Вечером, завершив все командировочные дела, мы
возвращались домой. Воздух подстывал. Лениво перетявкивались
собаки за рекой, на спасательной станции слушали радио, и последние новости
долетали до нас по реке бессмысленными обрывками. Мы уловили только обещание снега
в средней полосе, но и в это не верилось.
Пока
мы шли, на реке зеленый огонек катера то приближался, то удалялся. Наконец он
стал решительно приближаться. Мы обрадовались, будто кого-то ждали с этим
катером.
«Галоша»
осторожно пристала, бросили мостки, кто-то сошел в сапогах, пролетела в воду
искорка папиросы.
—
Нет, ребята, завтра приходите. У меня последний рейс был…
Капитан
гремел каким-то железом, запирая свое хозяйство. Мы пошли дальше по набережной,
ступая в желтый свет от окон и снова окунаясь в темноту. Но хорошо было даже в
темноте. Городок остался позади, а впереди чернел скалой наш дом отдыха, и
дежурная лампа вахтера напоминала, что там жилье, там казенное, но все-таки
тепло.
Мы
говорили о теплоходах и лошадях, о том, что скоро зима и как хорошо, наверное,
будет кататься здесь на лыжах. И еще о многом мы говорили в предвкушении уюта и сна.
Оказавшись
в своей комнате, я, не включая света, сел у окна и отчего-то вспомнил о другой
ночи. О том, как несколько лет назад, плывя на океанском корабле, я вдруг
проснулся, выглянул в иллюминатор, а там ночь непролазная, южная, и только в
одном месте брошена горсть огней. И удивительно: пахло почему-то нашей осенью,
дачным костром. Тем последним костром, который жгут перед отъездом, когда все
вещи уложены и дети отрешенно глядят на костер, на его
слабый огонь и медленный дым, застилающий сад… И долго не мог я оторваться от
иллюминатора, от этого обманно знакомого воздуха, от огней на чужом берегу. Я
не знал, где мы плывем, но откуда-то сверху кто-то сказал звонко: «…Дардарнеллы…» И кто-то еще повторил это слово, и оно
покатилось по палубе, как будто рассыпанная мелочь.
…Утром,
наскоро подкрепившись, мы с Володей пошли на катер. Плес тонул в тумане. Там, в
тумане, звякали ведра, скрипели калитки, пробовали горло петухи, кто-то сладко
зевнул и зашебуршал веником по крыльцу. А еще кто-то
влажно фыркнул мне в ухо. Я испугался и отбежал на всякий случай: вдруг это
корова или лошадь. Не хочется попасть под корову или лошадь таким чудесным
утром.
Мы
с Володей так и не поняли, кто мне фыркнул в ухо. Возможно, просто кто-то
шлепнул белье на мостках.
Самый
густой туман стоял над рекой.

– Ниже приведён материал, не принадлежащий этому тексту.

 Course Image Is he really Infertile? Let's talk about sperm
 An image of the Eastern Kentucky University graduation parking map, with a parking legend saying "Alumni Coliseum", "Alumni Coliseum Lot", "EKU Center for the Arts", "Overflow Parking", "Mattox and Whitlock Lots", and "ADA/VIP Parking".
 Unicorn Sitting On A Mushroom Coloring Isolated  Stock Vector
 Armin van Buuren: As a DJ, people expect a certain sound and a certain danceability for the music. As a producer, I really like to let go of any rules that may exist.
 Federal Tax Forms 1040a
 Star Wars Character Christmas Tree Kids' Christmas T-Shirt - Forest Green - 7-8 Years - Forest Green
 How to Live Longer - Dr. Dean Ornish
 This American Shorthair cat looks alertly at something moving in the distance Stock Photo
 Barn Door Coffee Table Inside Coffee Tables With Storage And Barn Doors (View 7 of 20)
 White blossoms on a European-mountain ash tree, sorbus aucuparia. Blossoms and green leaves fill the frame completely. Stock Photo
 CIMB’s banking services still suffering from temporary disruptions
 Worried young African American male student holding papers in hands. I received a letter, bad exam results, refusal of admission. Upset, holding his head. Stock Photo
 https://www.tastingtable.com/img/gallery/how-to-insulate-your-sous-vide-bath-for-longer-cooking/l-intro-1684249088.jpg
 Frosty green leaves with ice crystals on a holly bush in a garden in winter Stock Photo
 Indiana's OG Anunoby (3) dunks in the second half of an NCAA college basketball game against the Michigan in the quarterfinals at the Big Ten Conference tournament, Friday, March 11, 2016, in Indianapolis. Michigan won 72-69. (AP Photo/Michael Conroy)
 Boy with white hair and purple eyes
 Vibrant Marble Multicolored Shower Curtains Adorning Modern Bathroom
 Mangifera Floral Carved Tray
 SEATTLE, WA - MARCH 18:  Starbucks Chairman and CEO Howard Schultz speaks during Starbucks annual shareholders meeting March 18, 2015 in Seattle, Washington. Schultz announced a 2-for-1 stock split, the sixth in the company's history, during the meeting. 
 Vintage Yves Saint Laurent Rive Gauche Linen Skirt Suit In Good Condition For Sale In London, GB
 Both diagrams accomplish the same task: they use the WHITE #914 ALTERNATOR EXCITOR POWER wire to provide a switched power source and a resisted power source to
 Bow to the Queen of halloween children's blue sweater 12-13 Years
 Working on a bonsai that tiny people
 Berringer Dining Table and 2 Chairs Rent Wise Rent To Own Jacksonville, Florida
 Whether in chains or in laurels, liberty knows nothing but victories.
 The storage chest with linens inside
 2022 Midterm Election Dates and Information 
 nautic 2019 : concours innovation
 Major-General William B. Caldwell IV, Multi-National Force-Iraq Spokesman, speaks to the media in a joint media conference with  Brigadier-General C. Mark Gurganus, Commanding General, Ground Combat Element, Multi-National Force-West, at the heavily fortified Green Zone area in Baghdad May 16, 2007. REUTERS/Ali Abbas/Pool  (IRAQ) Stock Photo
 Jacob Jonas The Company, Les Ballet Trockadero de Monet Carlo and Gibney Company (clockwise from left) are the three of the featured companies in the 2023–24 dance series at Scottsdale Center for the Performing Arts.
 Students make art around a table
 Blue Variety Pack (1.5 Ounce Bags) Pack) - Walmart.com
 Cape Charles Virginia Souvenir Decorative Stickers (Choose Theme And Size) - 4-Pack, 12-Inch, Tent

Из тумана вышла жена капитана, взяла с нас по две
тысячи за билеты, и вот под нами забурчал мотор. Мы отвалили от берега.
А где-то над нами летят
журавли
На
окраине городка Кимры есть роща. Посреди нее — лужайка, где летом мальчишки
гоняют в футбол. Сейчас все в школе, не до футбола, и нетронутая паутина
тянется меж высокой травы, как провода особо секретной связи. У деревянных
футбольных ворот скучает в одиночестве стреноженный конь Беслан. Почему его так
назвали — не знаю. Может, потому, что у него печальные глаза.
Серый
с проседью конь иногда встряхивает мордой и
поглядывает в переулок — не идет ли Мишка. Ушастый и конопушистый
пятиклассник Мишка по дороге из школы всегда приносит Беслану кусочек сахара,
конфету или кусок хлеба. И главное: Мишка всегда поговорит с Бесланом, погладит
его.
Я
познакомился с Мишкой еще в августе, когда после ночного ливня с грозой мы оба
пришли поутру в рощицу за грибами. Мишка, узнав, что я приезжий, показал мне
грибные места. «Тутошним не выдал бы, — степенно
сказал он, — а вы все равно не запомните…»
Пока
мы выглядывали в траве подберезовики, Мишка рассказывал про ночную грозу: «Я бы
и не проснулся, да Юлька-сестренка разбудила. Маленькая она, боится.
"Глянько, говорит, чего там в окне моргает?"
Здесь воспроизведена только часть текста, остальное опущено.